Linux instructions with NetworkManager (eg Ubuntu Desktop):


systemctl disable systemd-resolved
systemctl stop systemd-resolved
unlink /etc/resolv.conf

cat <<CONF | sudo tee /etc/NetworkManager/conf.d/00-use-dnsmasq.conf
[main]
dns=dnsmasq
CONF

cat <<CONF | sudo tee /etc/NetworkManager/dnsmasq.d/00-dns-public.conf
server=8.8.8.8
CONF
cat <<CONF | sudo tee /etc/NetworkManager/dnsmasq.d/00-address-local.conf
address=/.local/127.0.0.1
CONF
systemctl restart NetworkManager

Use dig to validate that any FQDN using our pseudo-TLD resolves to the local
machine:

Port label

With the introduction of a reverse proxy like Traefik, exposing the container port on the host machine is no longer necessary, thus, eliminating the risk of collision between the exposed port and the ones of other services.

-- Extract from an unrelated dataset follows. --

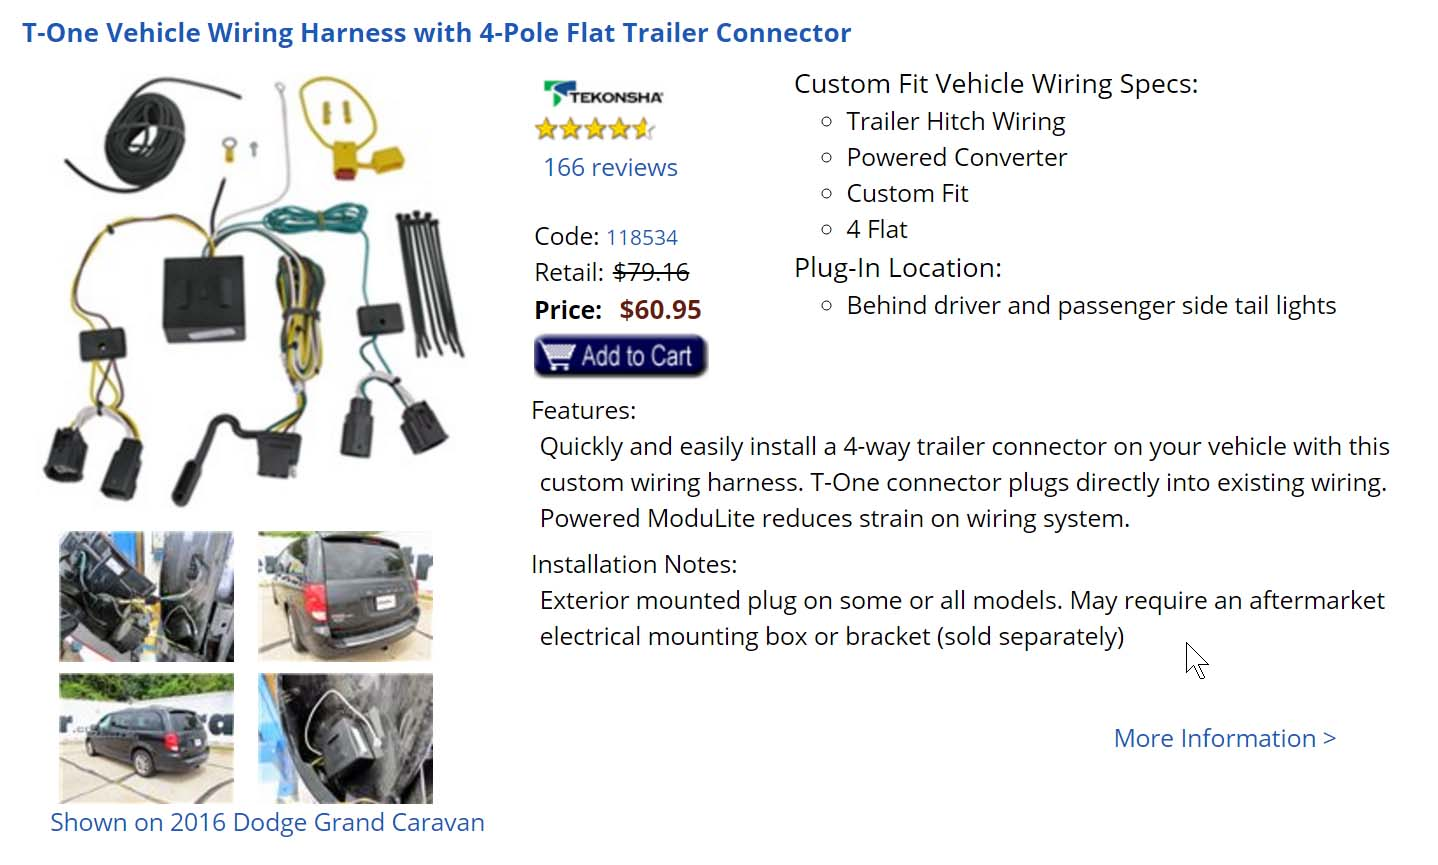 caravan internal wiring diagram jeep wrangler 2016 dodge grand trailer harness 47
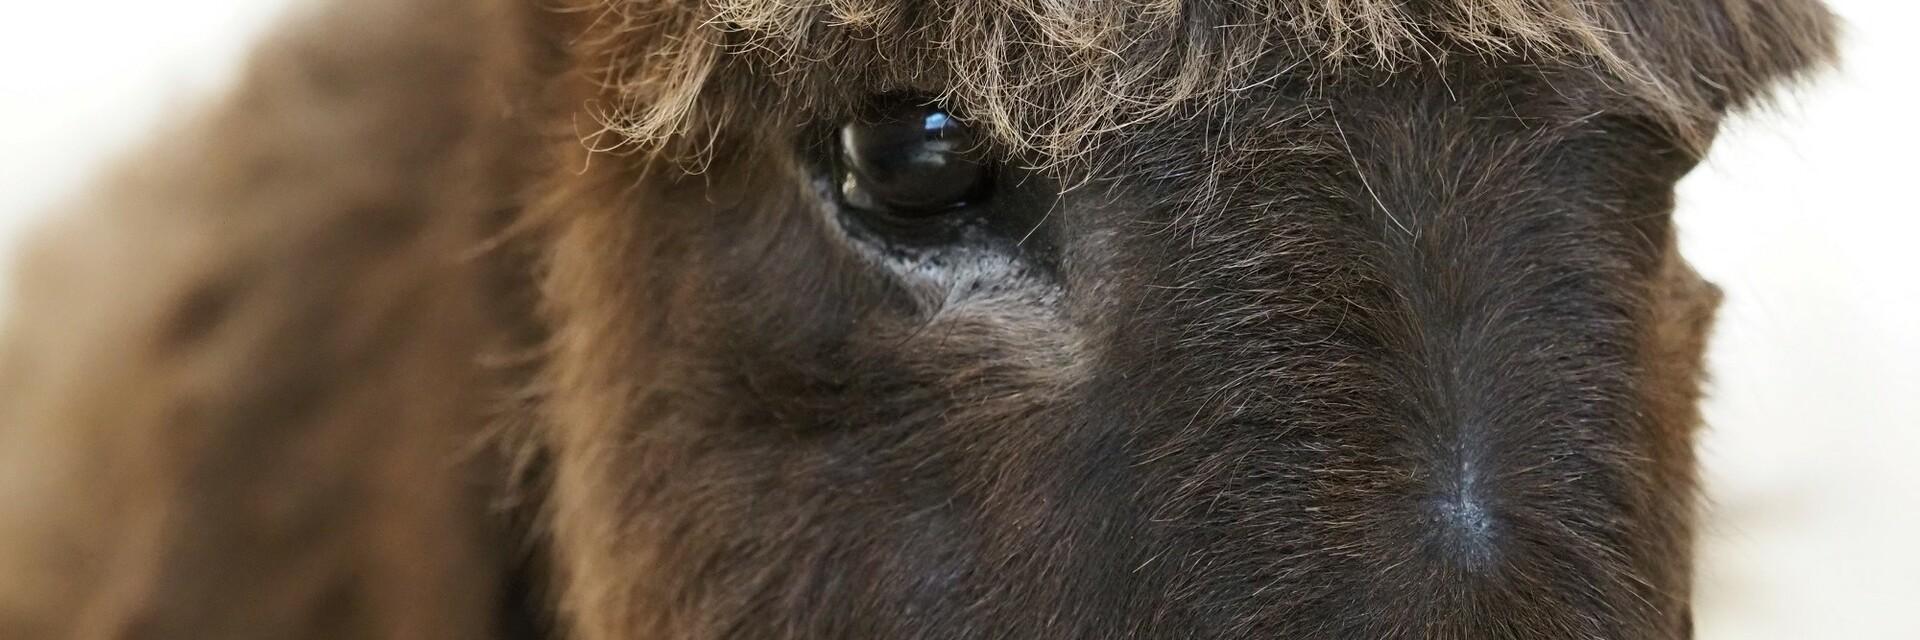 Donkey Puica

One label is already present to define the hostname of the website service. Traefik comes with a lot of complementary labels. The traefik.http.services.service_name.loadbalancer.server.port property tells Traefik to use a specific port to connect to a container.

The final Docker Compose file looks like this:

version: '3'
services:
  www:
    container_name: adaltas-www
    image: node:18
    volumes:
      - .:/app
    user: node
    working_dir: /app
    command: bash -c "yarn install && yarn run develop"
    labels:
    - "traefik.http.routers.adaltas-www.rule=Host(`www.adaltas.local`)"
    - "traefik.http.services.adaltas-www.loadbalancer.server.port=8000"
networks:
 default:
   name: traefik_default

Conclusion

With Traefik, I like the idea of my container services registering automatically in a cloud-native philosophy. It provided me with confort and simplicity. Also, dnsmasq has proved to be well-documented and quick to adjust to my various requirements.